### Work request
The expected answer is the data below, printed verbatim without its pictures.

### Raw data
*-*-*

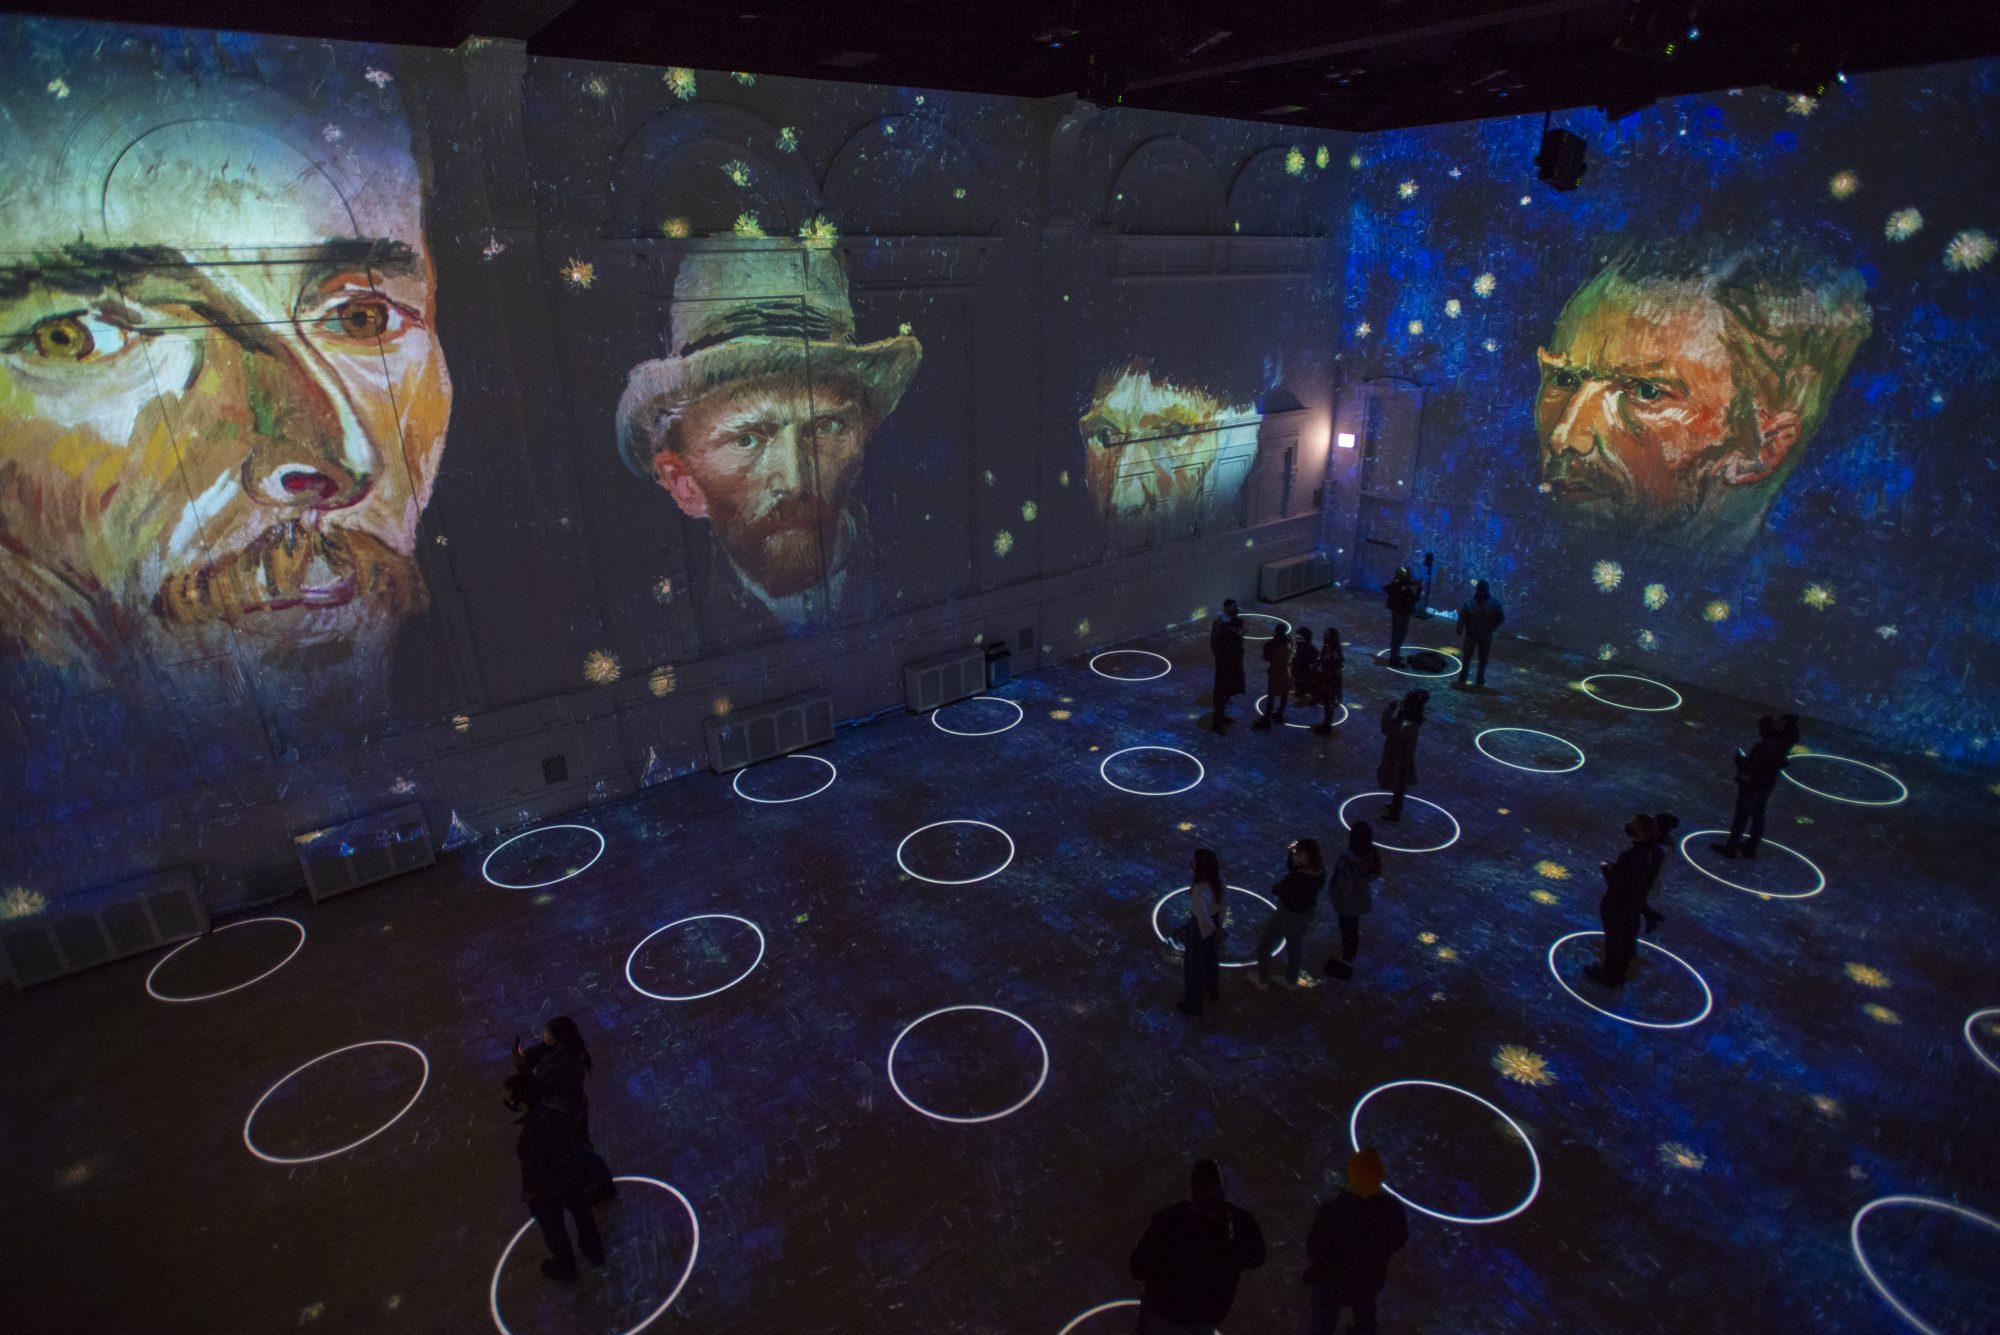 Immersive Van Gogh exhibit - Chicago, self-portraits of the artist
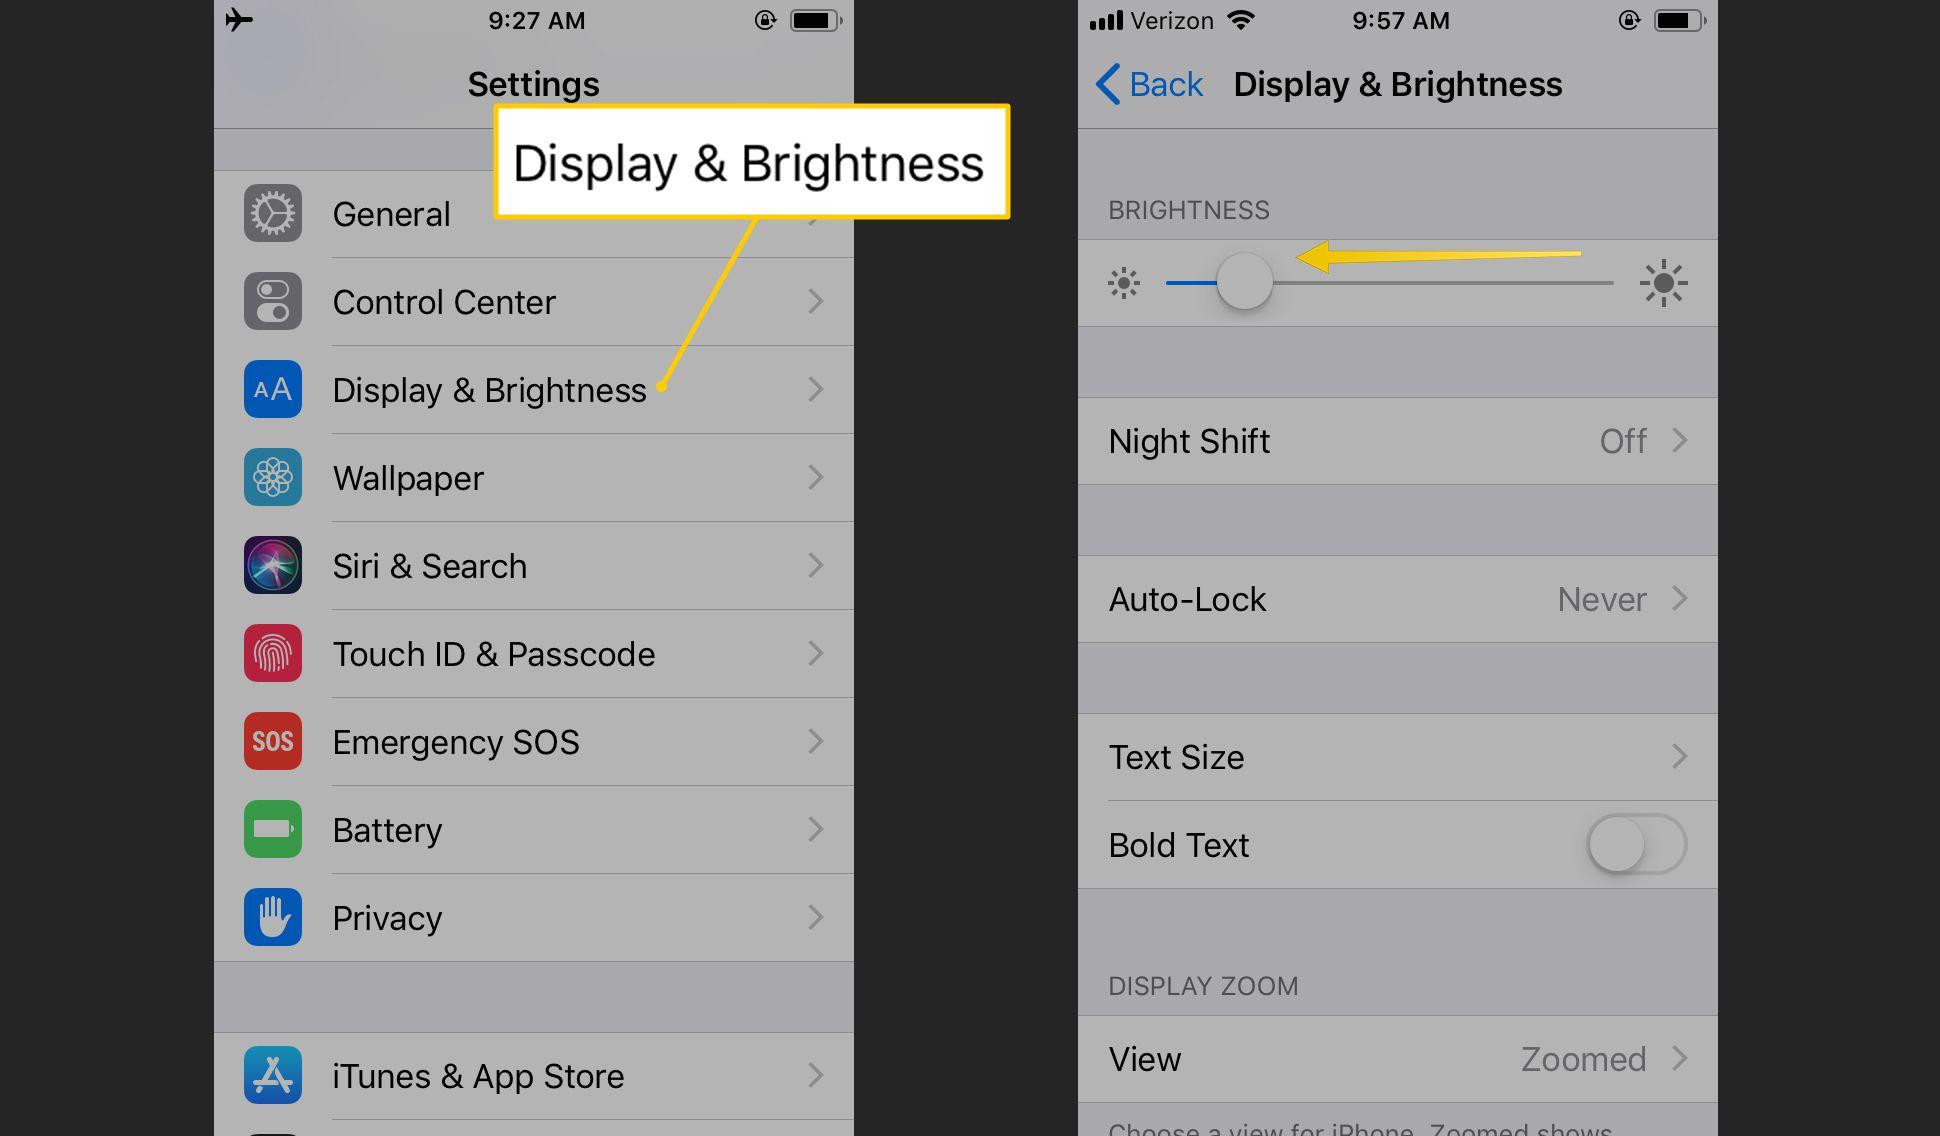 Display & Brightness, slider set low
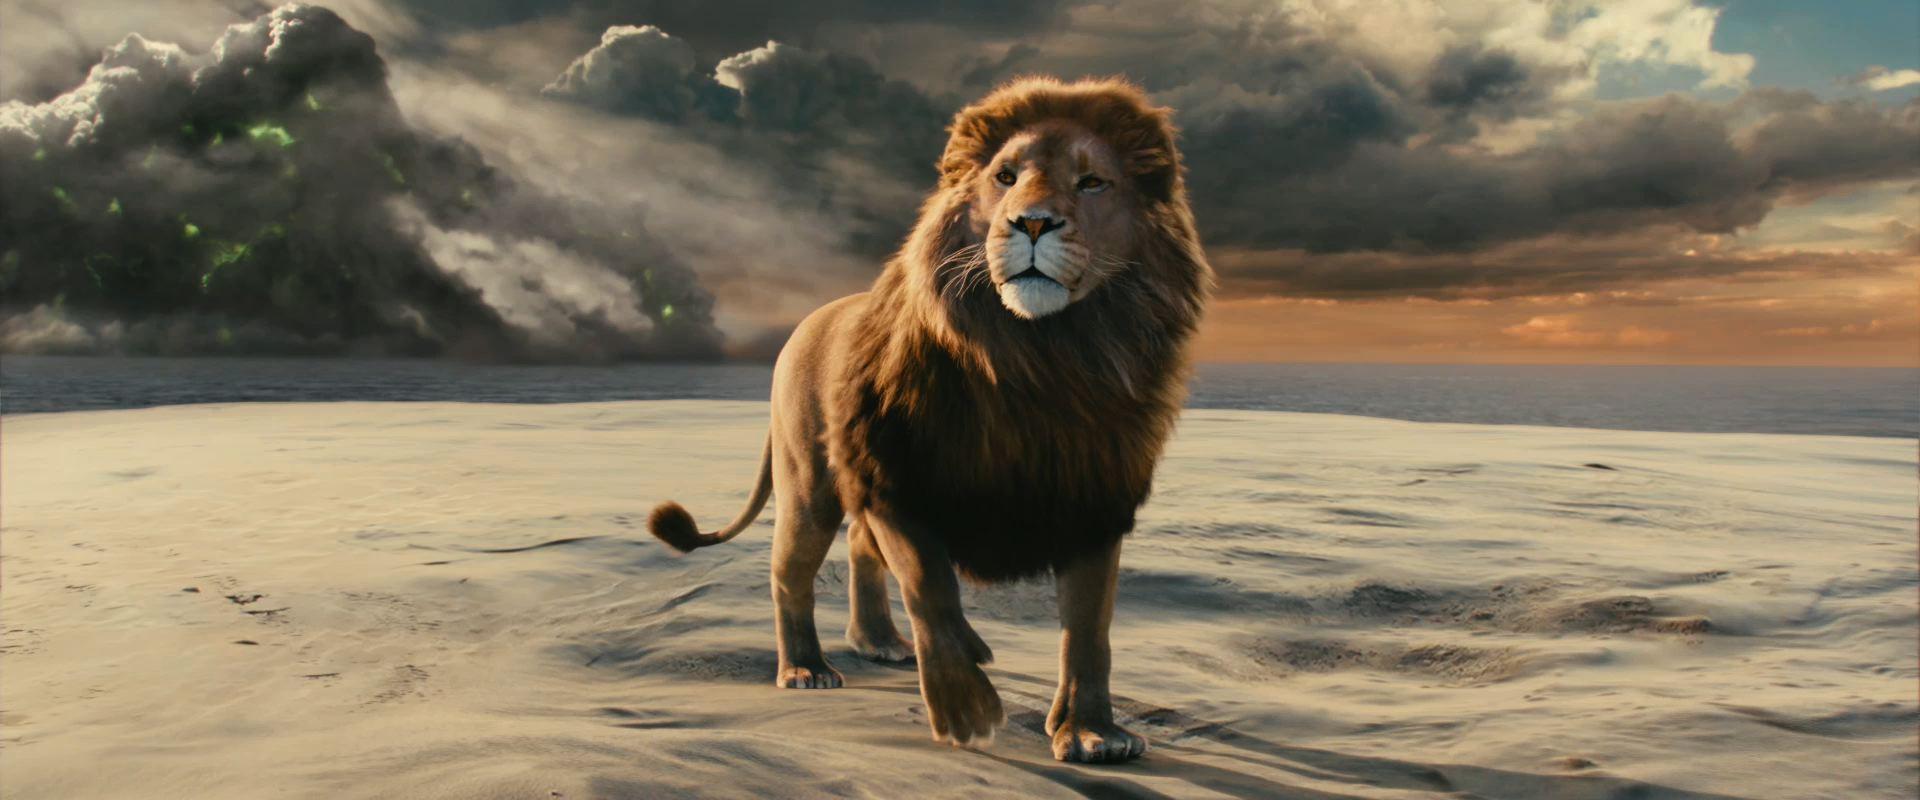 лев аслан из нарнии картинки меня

*-*-*

### Response below
 Immersive Van Gogh exhibit - Chicago, self-portraits of the artist
 Display & Brightness, slider set low
 лев аслан из нарнии картинки меня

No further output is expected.